We use real data and a split-sample approach. The data are a random sample of 500 individuals sentenced to probation in a large American city. The length of the suspended sentence in months is the outcome of interest. For these data, mean sentence length is a little less than 28 months. The distribution is skewed to the right so that the median is only 18 months. 75% of the probationers have a suspended sentence of about 38 months or less. Because of the long right tail, it can make good sense to work with the log of sentence length as the response variable. Using the log of sentence length is also consistent with a theory that judges think in proportional terms when they determine sentence length. For instance, a sentence could be made 25% longer if an offender has a prior felony conviction.

The intent, therefore, is to consider how various features of the convicted individual and the crimes for which the individual was convicted may be related to log of sentence length. 16 The follow regressors were available.
  1. 1.

    Assault as the conviction offense

     
  2. 2.

    Drug possession as the conviction offense

     
  3. 3.

    Burglary as the conviction offense

     
  4. 4.

    Gun-related crime as the conviction offense

     
  5. 5.

    Number of juvenile arrests

     
  6. 6.

    Number of prior arrests

     
  7. 7.

    Age at first contact with the adult courts

     
  8. 8.

    Age at conviction

     
  9. 9.

    Race black

     
  10. 10.

    Not married

     
  11. 11.

    High school degree

     
  12. 12.

    Referred for drug treatment

     

There were other conviction crimes in the data. But given the nature of this population, these crimes were never reported, or were reported so rarely that they could not be used in the analysis. For example, if individuals were convicted of armed robbery, murder or rape, they were not placed on probation. A substantial majority of the conviction offenses were for drug-related offenses, burglaries and assaults.

The regression model was not known before the data were analyzed. Consequently, the sample of 500 was partitioned at random into 250 training observations and 250 test observations. All subsets regression was applied to the training data with the BIC as the screening statistic. 17 The parameters of the model selected were then estimated separately for the training and the test data. Statistical tests were undertaken in both cases. The results from the test data do not suffer from the problems we have been considering because the model was determined with another data set. But do the results for the test data differ materially from the results for the training data?

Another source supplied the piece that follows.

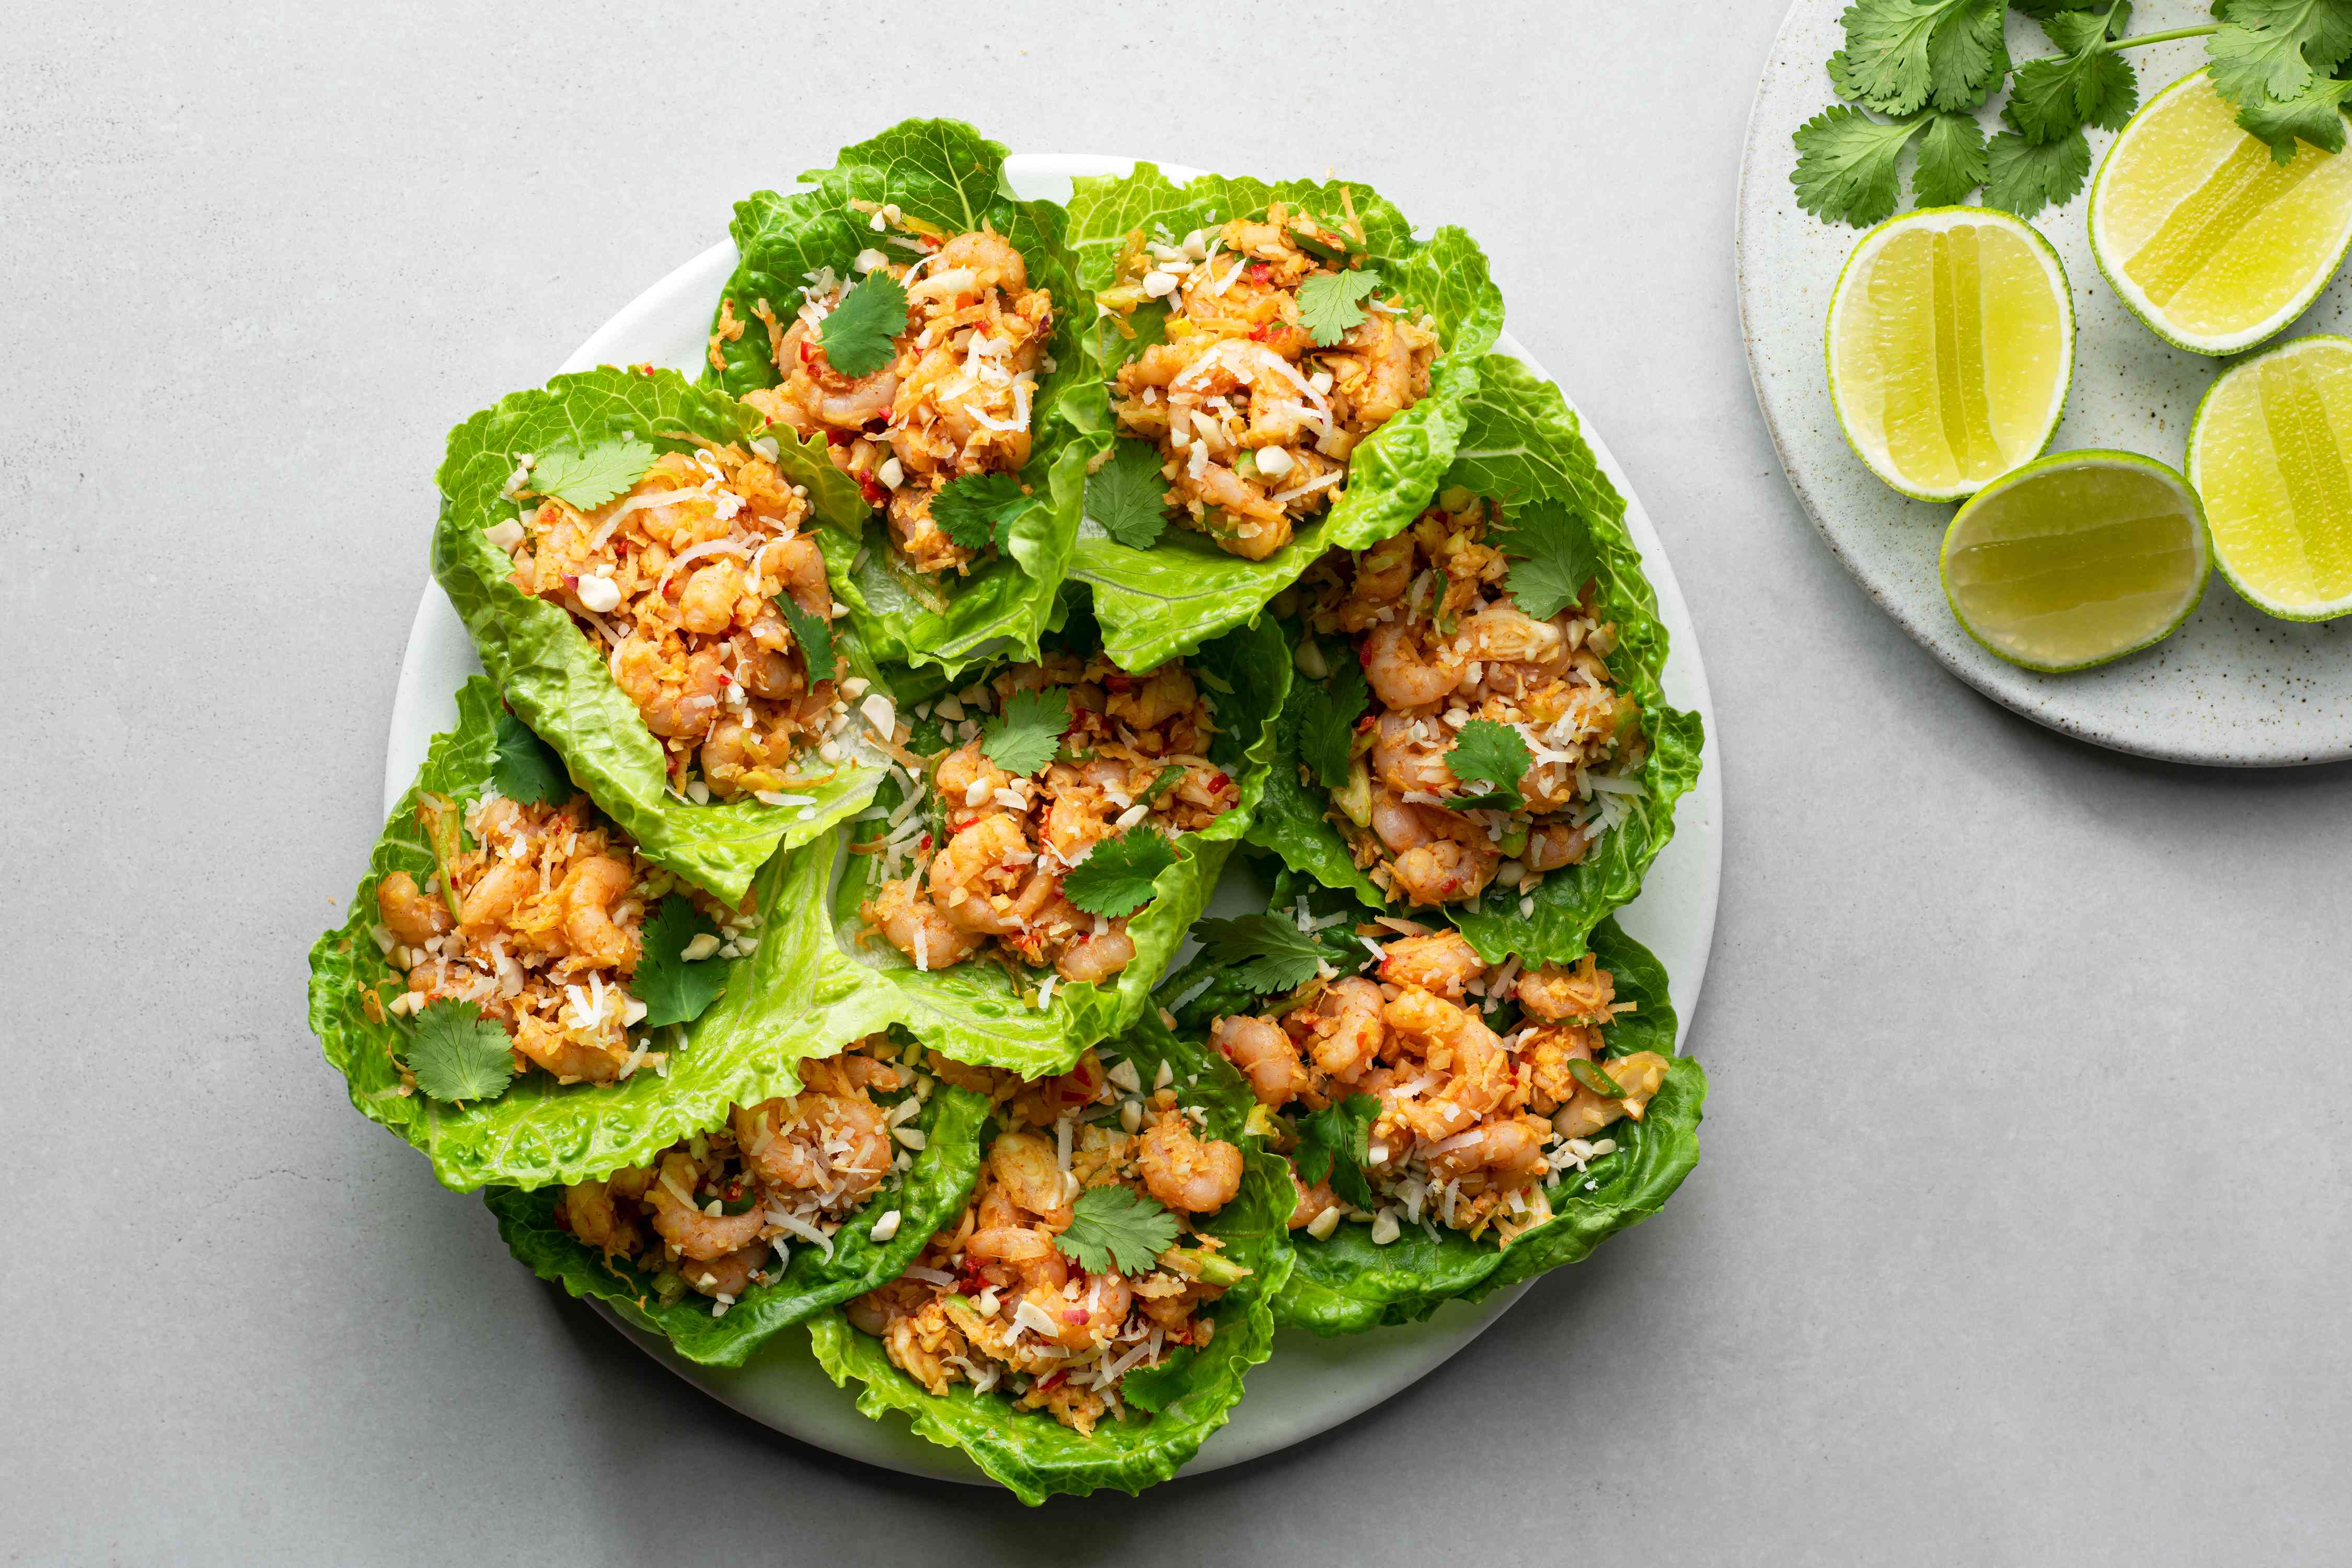 Thai Mini Shrimp Lettuce Wraps with lime on the side

Was there a problem to be fixed?

There were three models that had very similar BIC values and very similar structures. Table 2 shows the results for the model selected. Output from the other two models was much the same. The overall conclusions were as well.
Table 2

Results from training data

 

Estimate

Multiplier

Standard error

p-value

Intercept

1.686

0.19

0.0000

Assault conviction

1.089

2.97

0.29

0.0002

Drug conviction

0.729

2.07

0.19

0.0001

Gun conviction

1.147

3.15

0.49

0.0196

Number of priors

0.024

1.02

0.005

0.00001

Four regressors were included: whether the conviction was for an assault, whether the conviction was for a drug offense, whether the conviction was for a gun-related offense, and the number of prior arrests. For each estimated regression coefficient, we separately tested the null hypothesis that the population regression coefficient was zero. A two-tailed tests was applied using .05 as the critical value.

For the training data used to do the model selection, the null hypothesis was easily rejected for each regressor, and the associations were all strong. Consistent with a theory that judges determine sentences proportionally, all of the regression coefficients were exponentiated so that they became multiplicative constants. The baseline conviction offense is essentially burglary. 18 Then in Table 2, the average burglary sentence is multiplied by 2.97 if the conviction offense is assault, by 2.07 if the conviction offense is for drugs, and by 3.15 if for a gun related offense. For each additional prior arrest, the sentence length is multiplied by 1.02. Thus, an offender with 10 prior arrests would have a sentence that is about 1.22 times longer than an offender with no prior arrests. In short, what matters is the conviction offense and prior record, with the multipliers that are substantial in practical terms. Few criminologists would find this surprising.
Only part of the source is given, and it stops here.